Every entry needs to be reproduced exactly.

BEGIN

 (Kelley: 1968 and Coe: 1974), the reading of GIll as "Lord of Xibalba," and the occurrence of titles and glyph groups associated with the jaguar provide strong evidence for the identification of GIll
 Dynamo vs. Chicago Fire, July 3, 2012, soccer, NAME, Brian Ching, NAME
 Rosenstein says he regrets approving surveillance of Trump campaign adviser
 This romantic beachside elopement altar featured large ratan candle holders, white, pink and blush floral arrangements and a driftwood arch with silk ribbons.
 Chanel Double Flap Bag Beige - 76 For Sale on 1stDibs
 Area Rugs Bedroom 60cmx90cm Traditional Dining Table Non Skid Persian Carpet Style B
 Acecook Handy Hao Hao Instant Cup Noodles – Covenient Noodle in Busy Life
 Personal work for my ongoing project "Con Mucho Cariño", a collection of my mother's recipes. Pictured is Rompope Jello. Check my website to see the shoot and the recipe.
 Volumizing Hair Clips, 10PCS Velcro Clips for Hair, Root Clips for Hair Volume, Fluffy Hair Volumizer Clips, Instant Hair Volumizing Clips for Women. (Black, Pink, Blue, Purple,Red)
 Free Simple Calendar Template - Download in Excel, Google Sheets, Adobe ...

END

_RESULT_
 (Kelley: 1968 and Coe: 1974), the reading of GIll as "Lord of Xibalba," and the occurrence of titles and glyph groups associated with the jaguar provide strong evidence for the identification of GIll
 Dynamo vs. Chicago Fire, July 3, 2012, soccer, NAME, Brian Ching, NAME
 Rosenstein says he regrets approving surveillance of Trump campaign adviser
 This romantic beachside elopement altar featured large ratan candle holders, white, pink and blush floral arrangements and a driftwood arch with silk ribbons.
 Chanel Double Flap Bag Beige - 76 For Sale on 1stDibs
 Area Rugs Bedroom 60cmx90cm Traditional Dining Table Non Skid Persian Carpet Style B
 Acecook Handy Hao Hao Instant Cup Noodles – Covenient Noodle in Busy Life
 Personal work for my ongoing project "Con Mucho Cariño", a collection of my mother's recipes. Pictured is Rompope Jello. Check my website to see the shoot and the recipe.
 Volumizing Hair Clips, 10PCS Velcro Clips for Hair, Root Clips for Hair Volume, Fluffy Hair Volumizer Clips, Instant Hair Volumizing Clips for Women. (Black, Pink, Blue, Purple,Red)
 Free Simple Calendar Template - Download in Excel, Google Sheets, Adobe ...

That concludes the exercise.